Task description »
Word for word, copy all the data and drop the pictures.
***** Recorded information *****
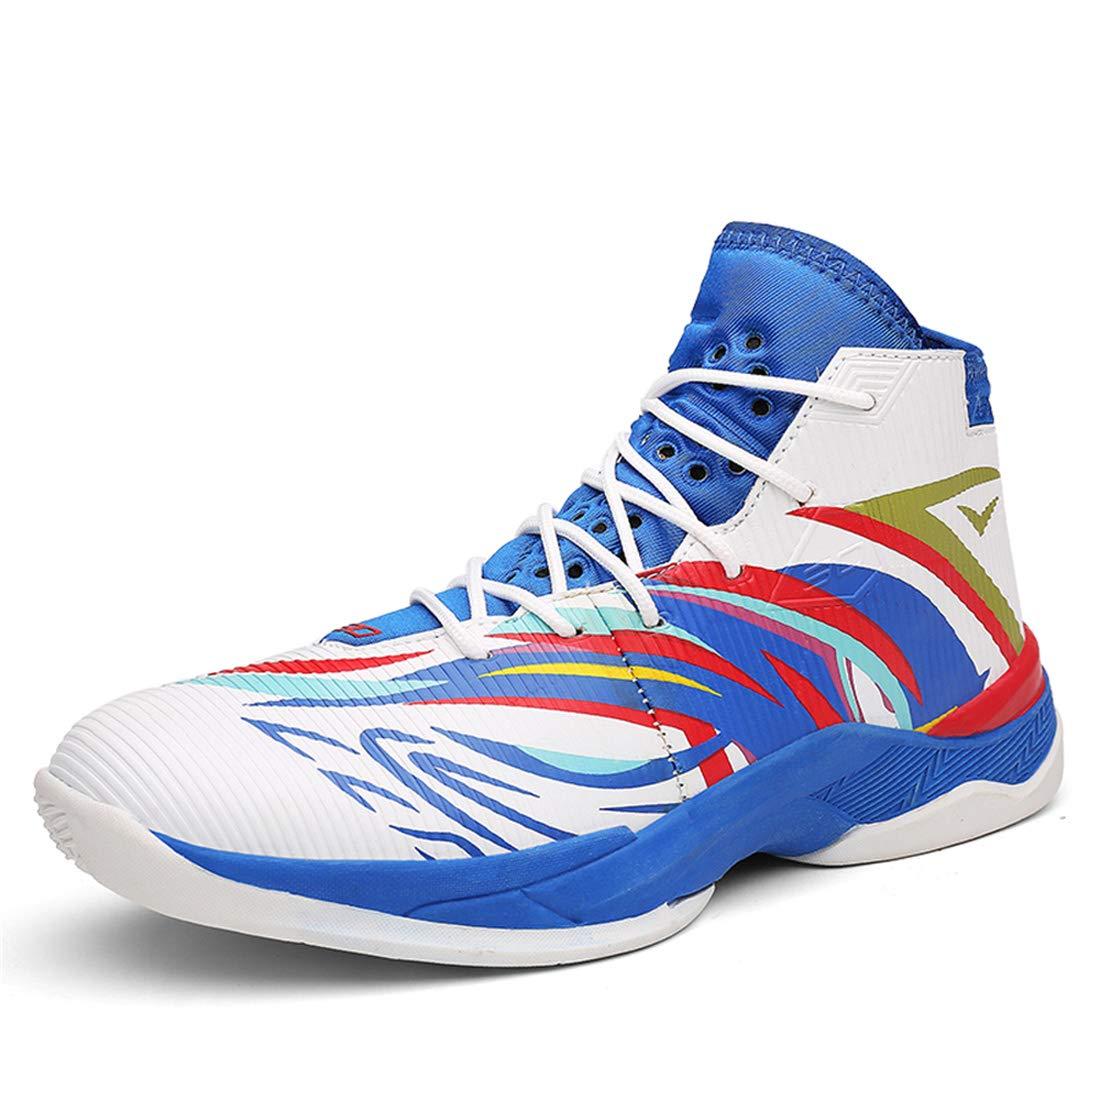 Chaussures Ball Dandanjie Hommes De Basket IYbfgv6y7
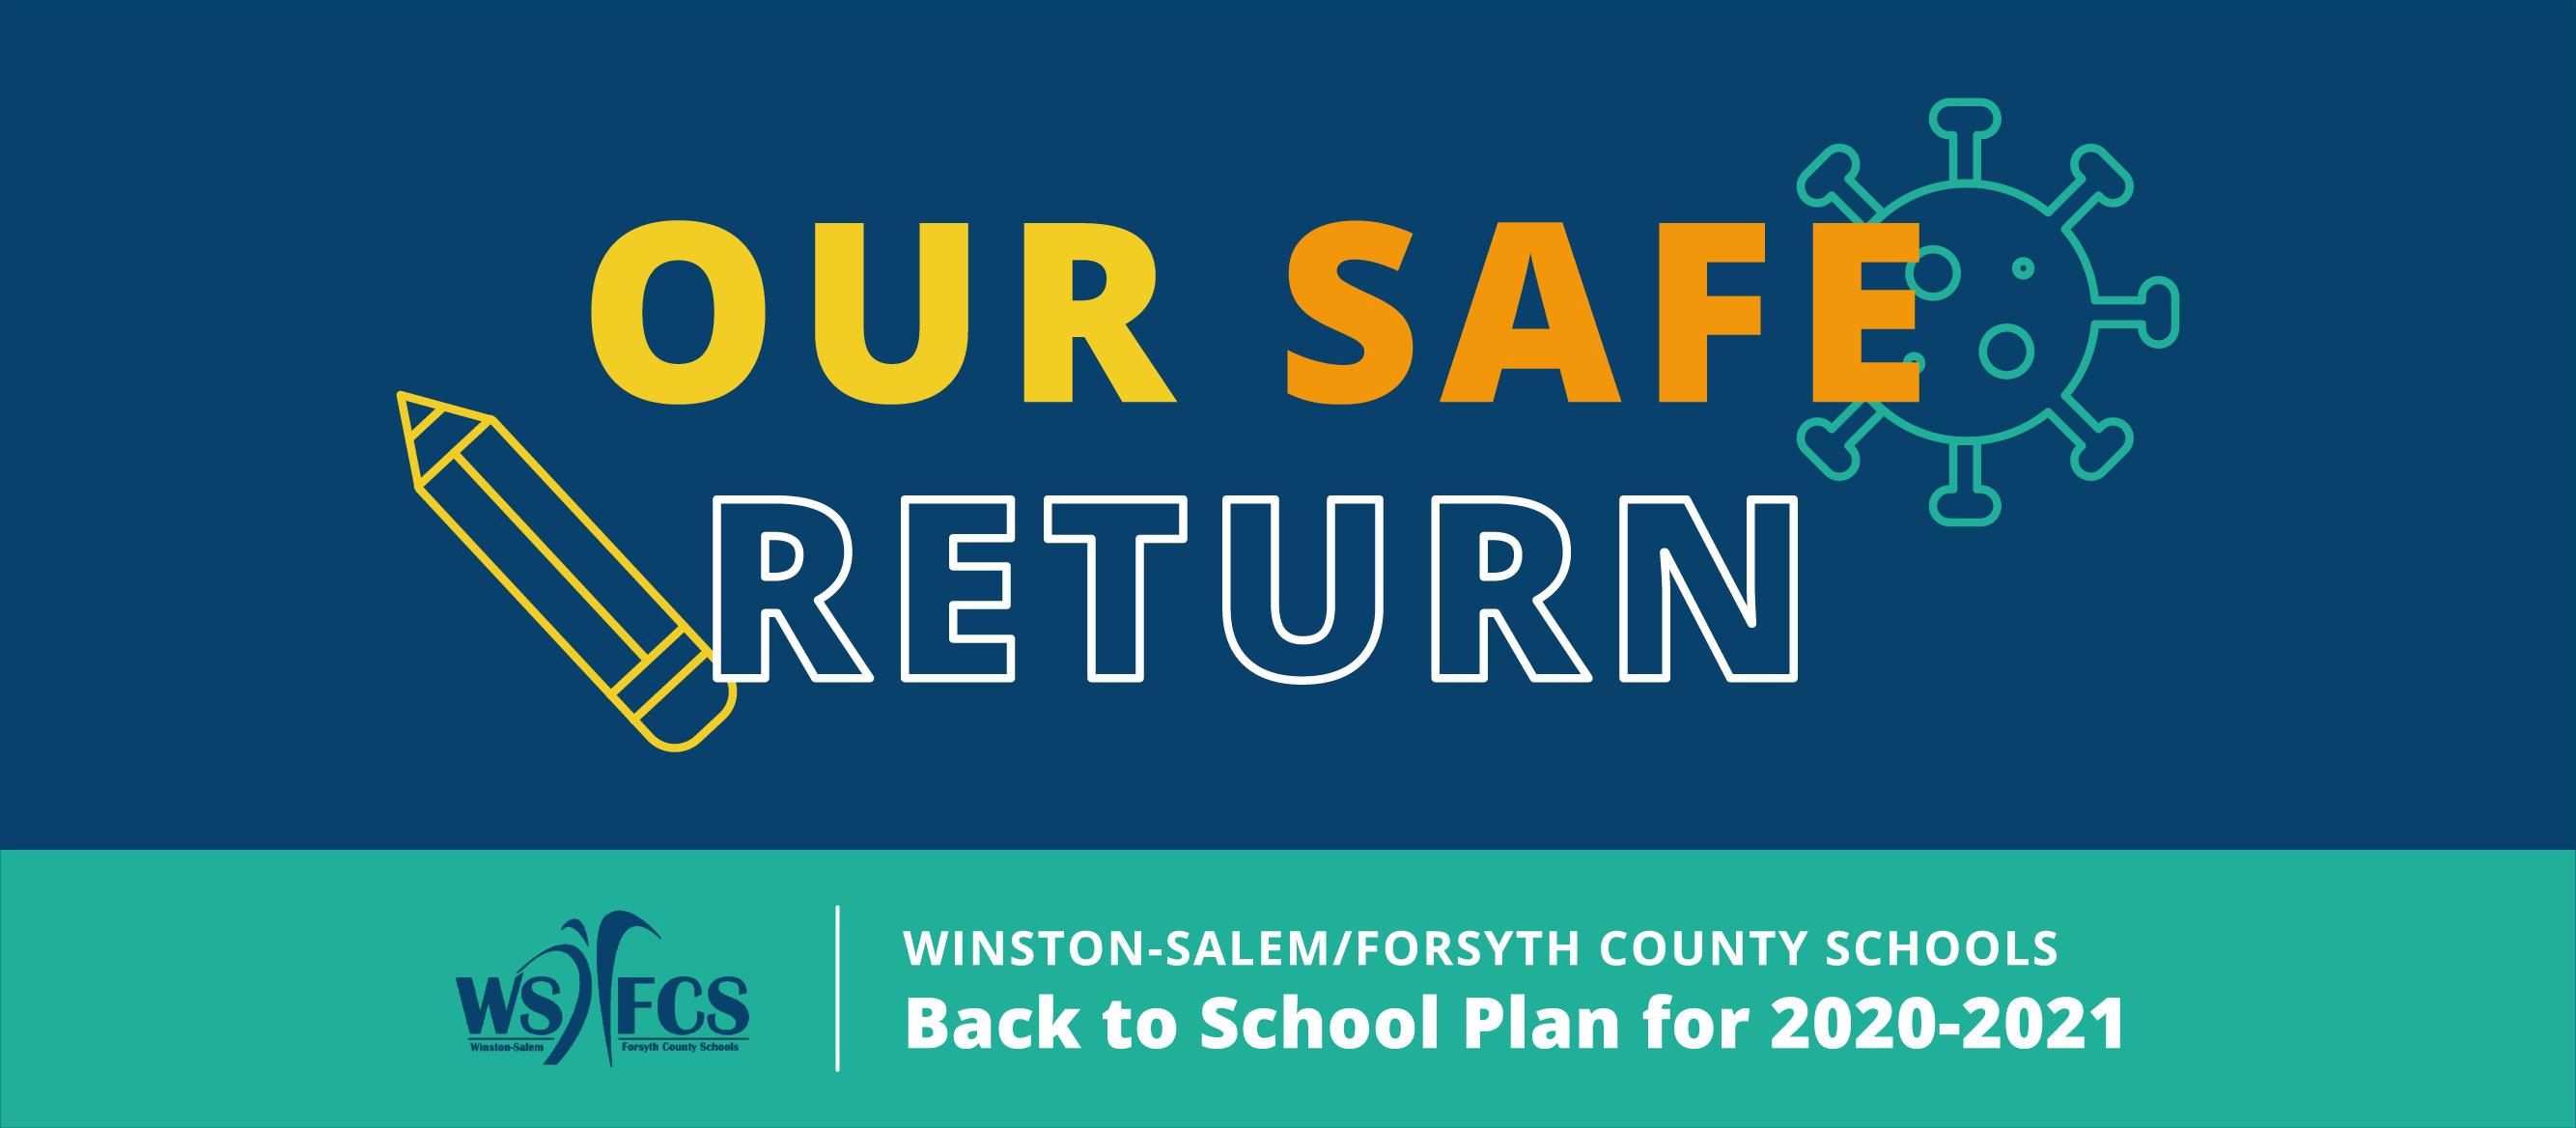 Winston Salem Forsyth County School Calendar 2021-2022 Images
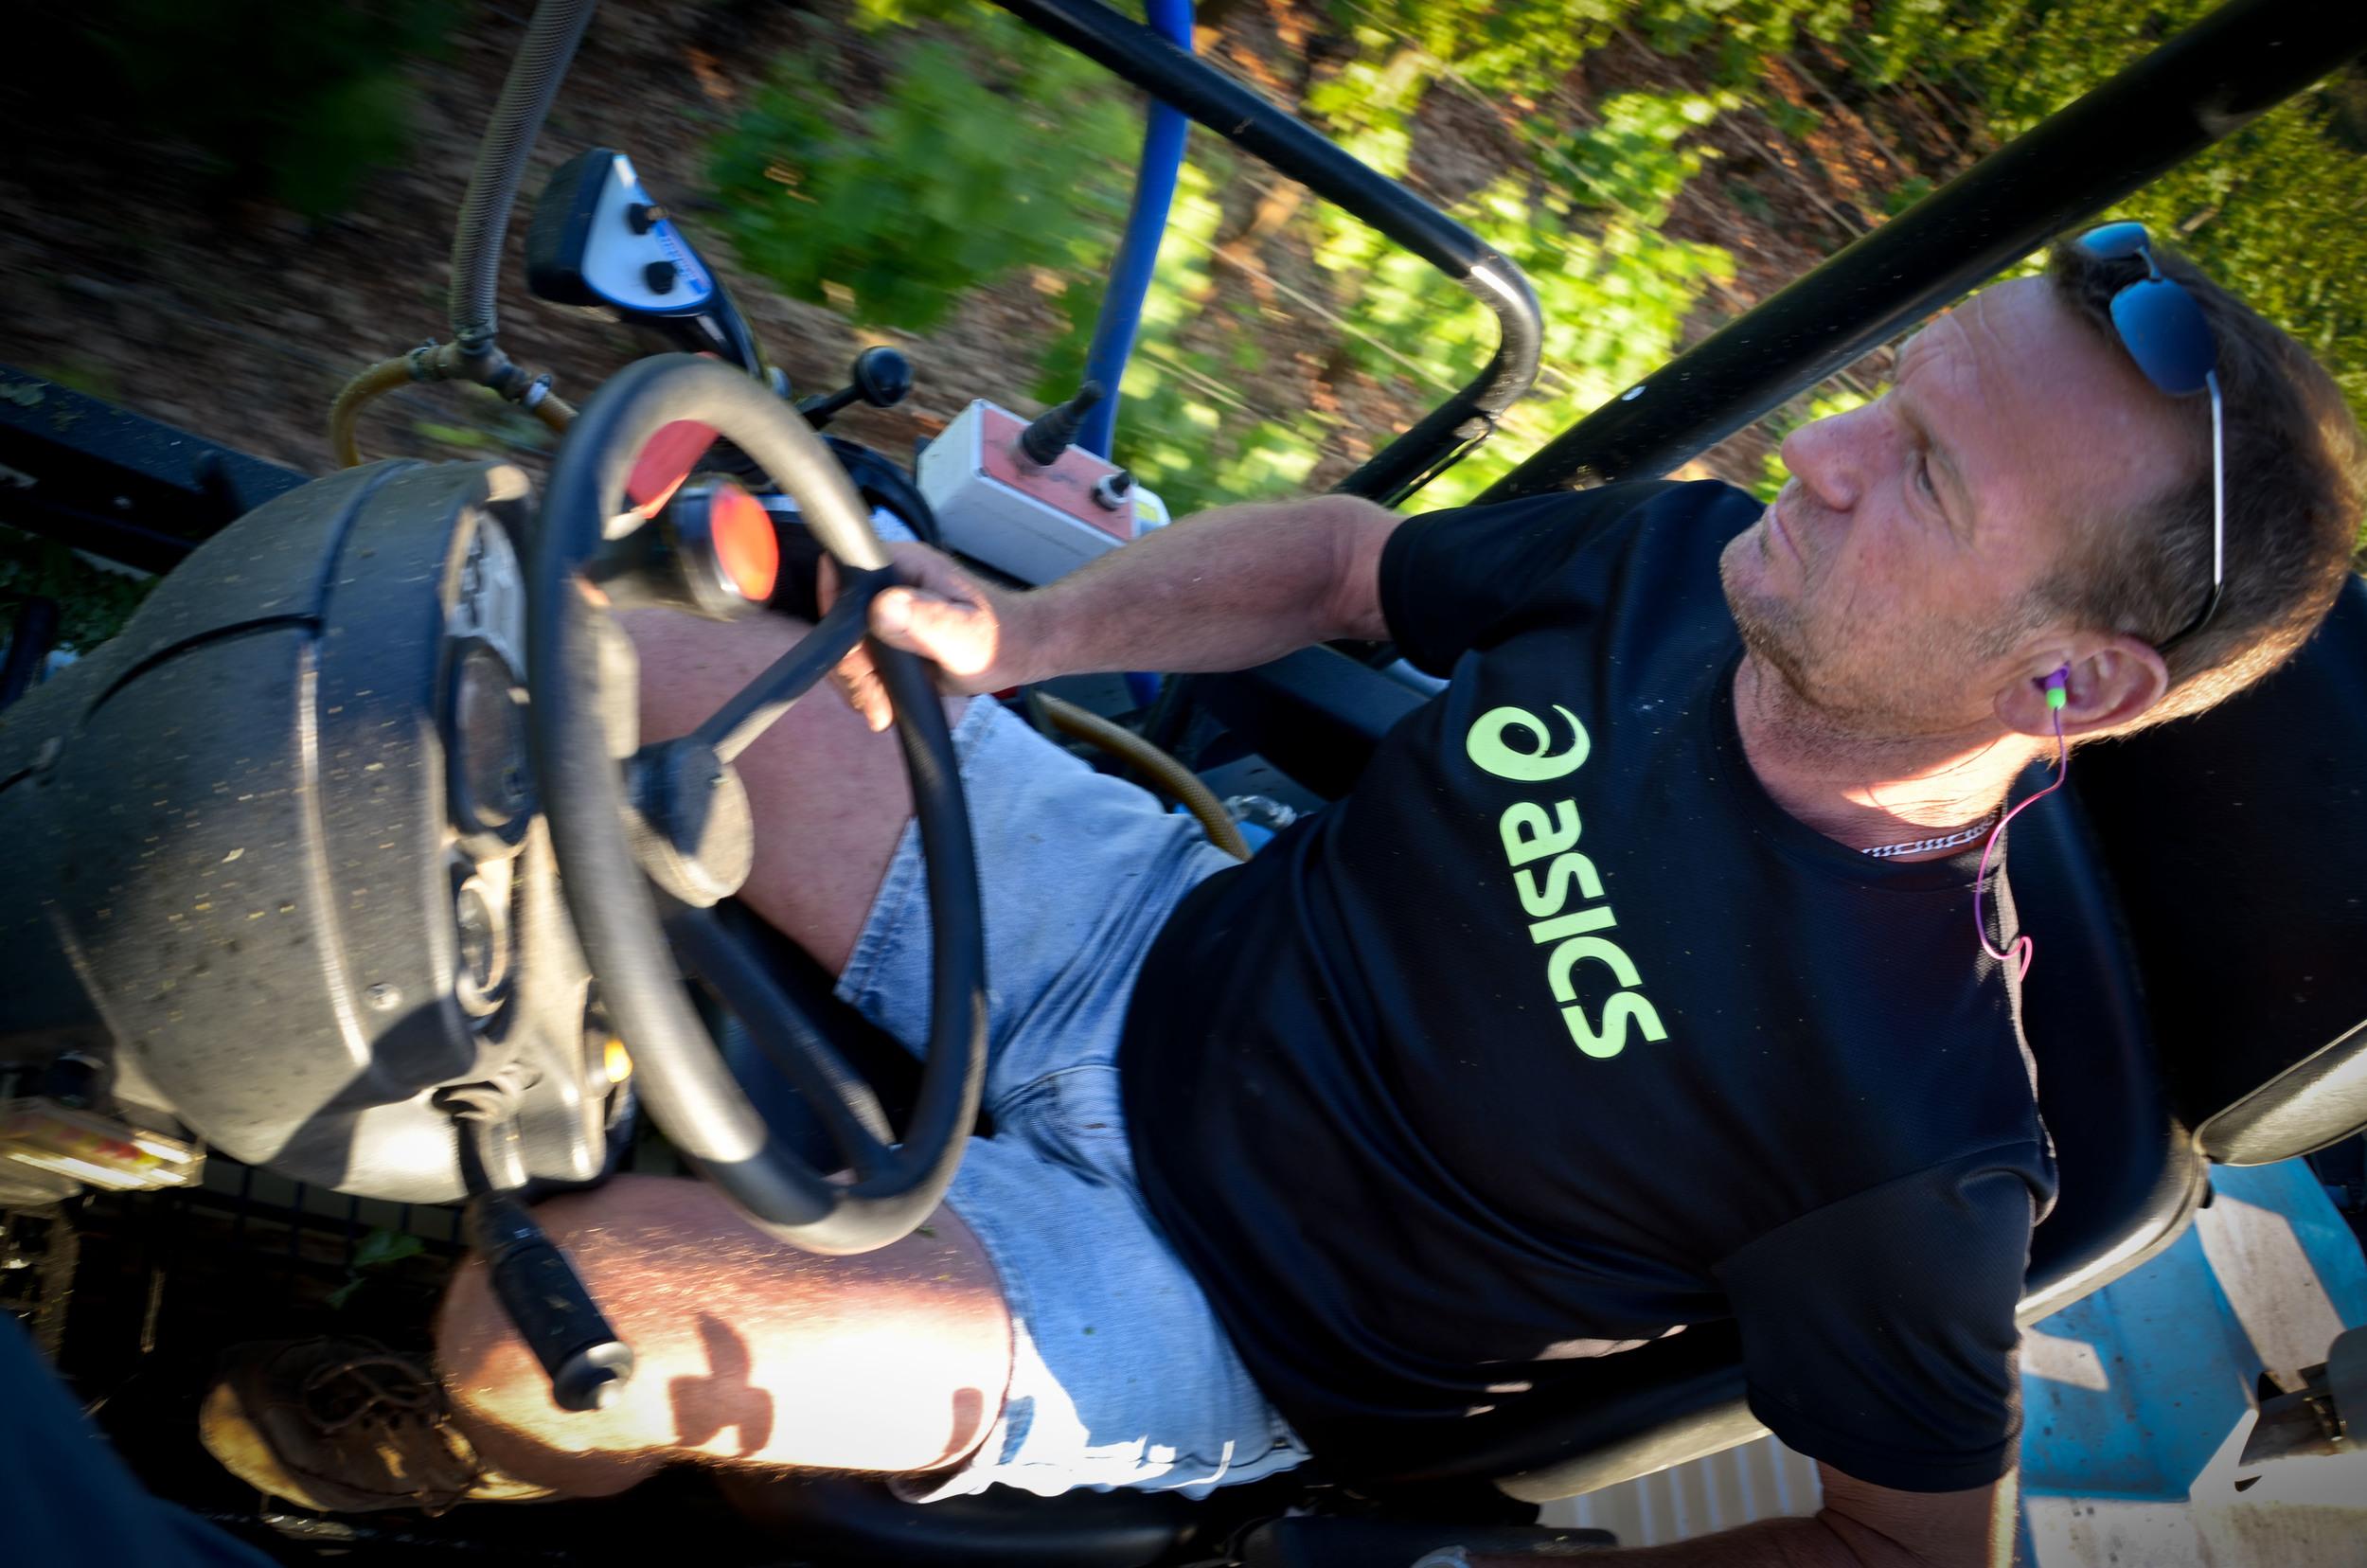 hungrycyclist_2014_june-27.jpg
*****
Result below »
 Chaussures Ball Dandanjie Hommes De Basket IYbfgv6y7
 Winston Salem Forsyth County School Calendar 2021-2022 Images
 hungrycyclist_2014_june-27.jpg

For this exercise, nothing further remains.